PJSA is a conclave of the anti-war, anti-imperialist Left, and as with all such conclaves, I manage both to feel utterly at home and deeply alienated by the whole thing–practically the definition of “home,” I guess. My session was chaired by an old friend, Elliott Ratzman, “friend” in the academic sense of the word that’s compatible with not having spoken to someone in twenty years. Elliott and I met at a conference about Israel and Palestine at Princeton Theological Seminary back in 2005. This was the first time we’d met since then. A little frightening how quickly twenty years goes by. This time our session was on violence, non-violence, and resistance. My talk was a preliminary revisitation of the Mangione-Thompson shooting of last year, his was on Israel and Palestine.

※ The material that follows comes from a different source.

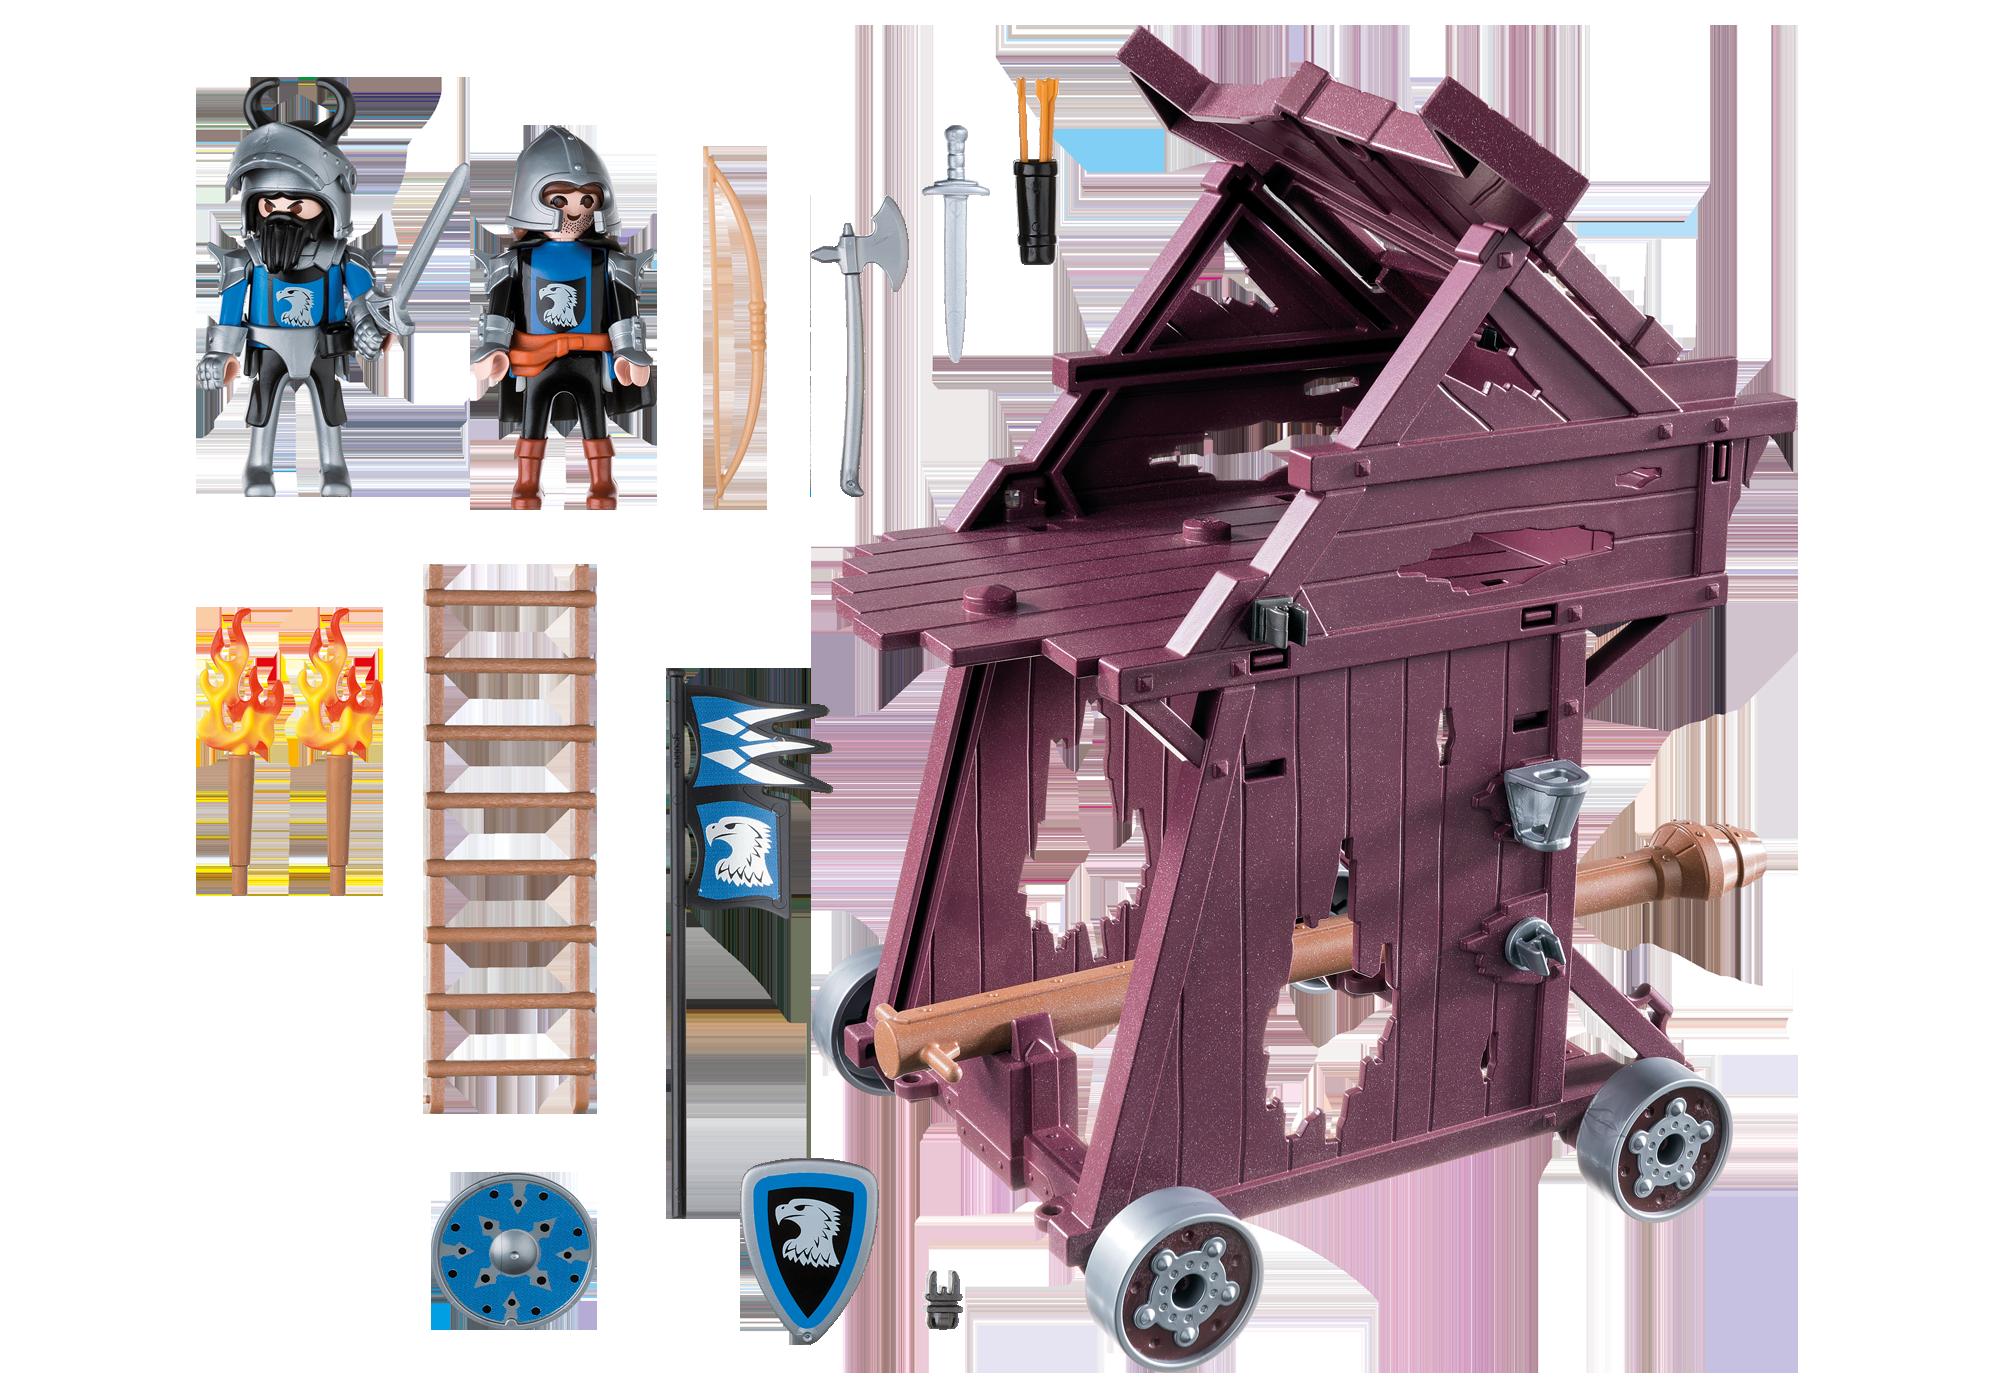 http://media.playmobil.com/i/playmobil/6628_product_box_back/Соперничество Рыцарей: Рыцари Орла атакуют Башню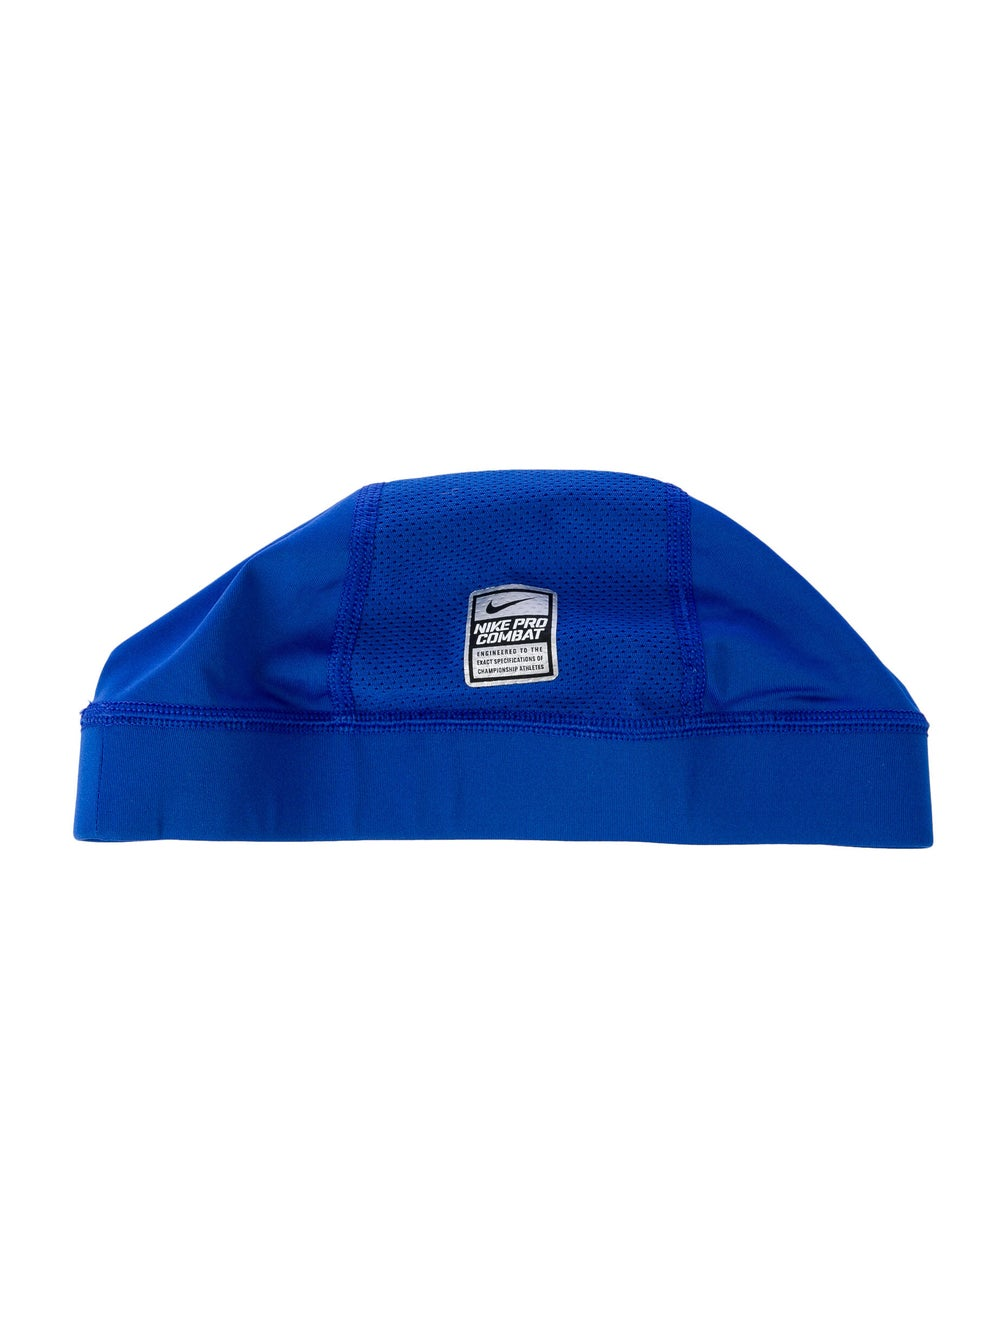 Nike Skull Cap blue - image 2

More on “Insurance Denials and the Resort to Force” in a future post.
Part of the panel discussion at the end of our session revolved around the definition of “violence.” It’s a hard concept to define, and I get the sense that there’s a little too much reliance on Johan Galtung’s definition of it in these parts (from “Violence, Peace, and Peace Research,” Journal of Peace Research 6:3, 1969):
Violence is present when human beings are being influenced so that their actual somatic and mental realizations are below their potential realizations.
I really wish that this definition didn’t have the currency it does in peace studies. For one thing, the definition implies that non-human animals can’t be violent. Worse still, it implies that humans can’t be violent to animals. So it excludes things like battery cage poultry farming and ordinary butchery. It also excludes violence involving inanimate objects: volcanic eruptions, hurricanes, earthquakes, and forest fires are all excluded despite their violence, presumably because they’re neither intentional nor agential. Same with non-terrestrial events: the implosion of a star, an interstellar collision, and the Big Bang are all excluded, despite their apparent violence, presumably for the same reason.
Even applied narrowly to human action, however, the definition is far too broad. A friend who convinces me to hang out and drop acid with him every weekend will likely influence me in a way that renders my somatic-mental realizations subpar relative to their potential realizations. That’s bad, but it’s not violent. It’s easy enough to multiply similar examples.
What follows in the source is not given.